Implicit algorithm for finite deformation hypoelastic-viscoplasticity in fcc metals

An implicit objective stress update algorithm is proposed for a hypoelastic–viscoplastic model. A thermal/dynamic yield function, which is derived based on the thermal activation analysis and dislocation interaction mechanisms, is used, along with the Consistency approach and the framework of additive viscoplasticity, in deriving the proposed model for fcc metals. The corotational formulation approach is utilized in developing the proposed model in the finite deformation field. For the case of the Newton–Raphson iteration method, a new expression for the consistent (algorithmic) tangent stiffness matrix of rate-dependent metals is derived by direct linearization of the stress update algorithm.
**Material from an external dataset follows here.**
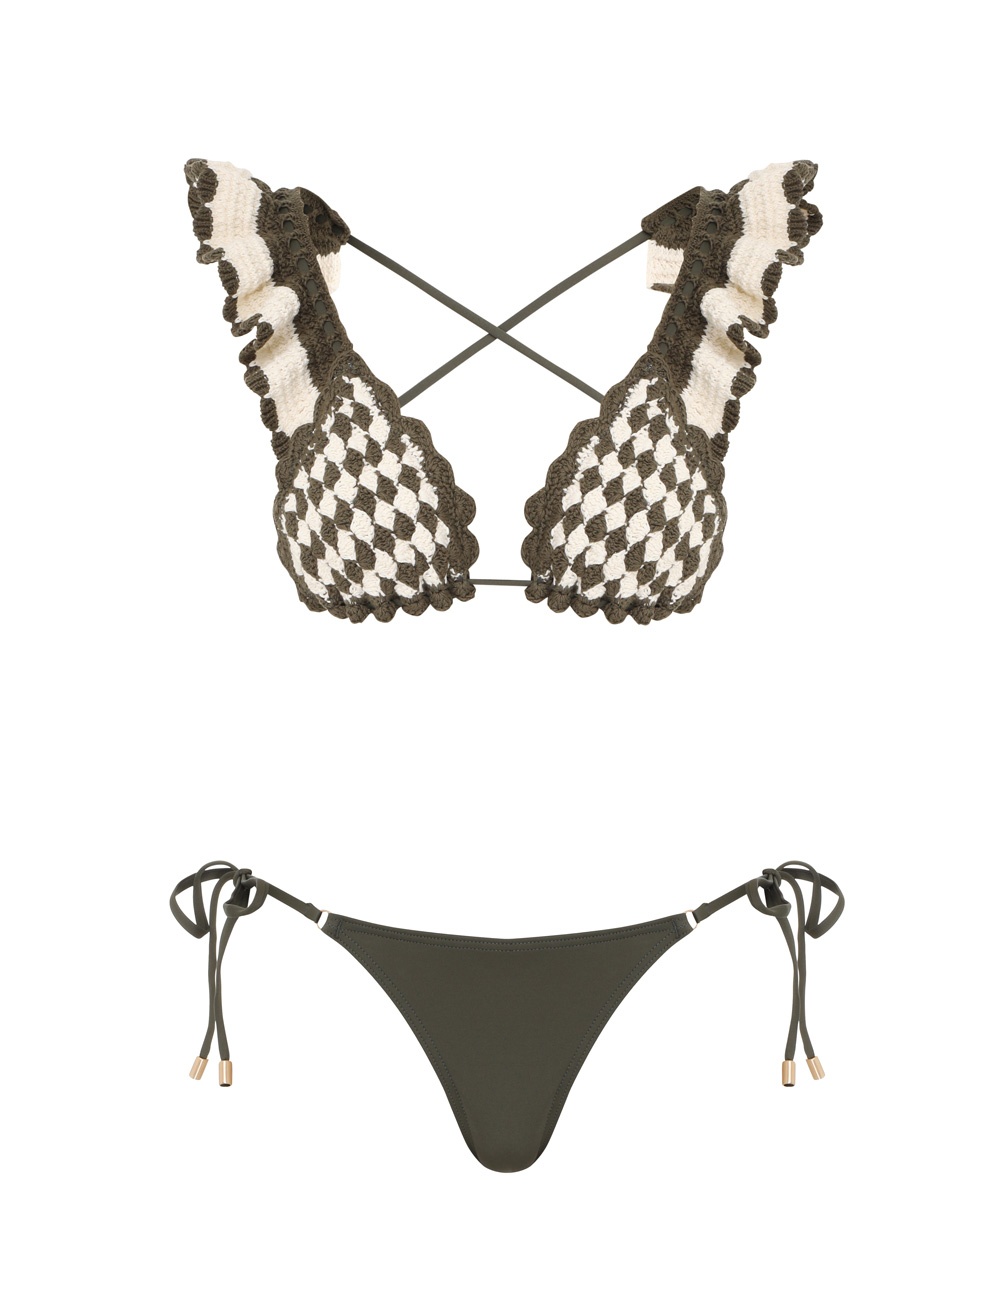 Junie Textured Knit Bikini Navy/Cream Online

Finite element simulations are performed by implementing the proposed viscoplasticity constitutive models in the commercial finite element program ABAQUS. Numerical implementation for a simple tensile problem is used for validating the material parameters of the OFHC Copper under low and high strain rates and temperatures. The numerical results of the adiabatic true stress–true strain curves compare very well with the experimental data. The effectiveness of the present approach is tested by studying strain localization in a simple plane strain problem. Results indicate excellent performance of the present framework in describing the strain localization problem and in obtaining mesh-independent results.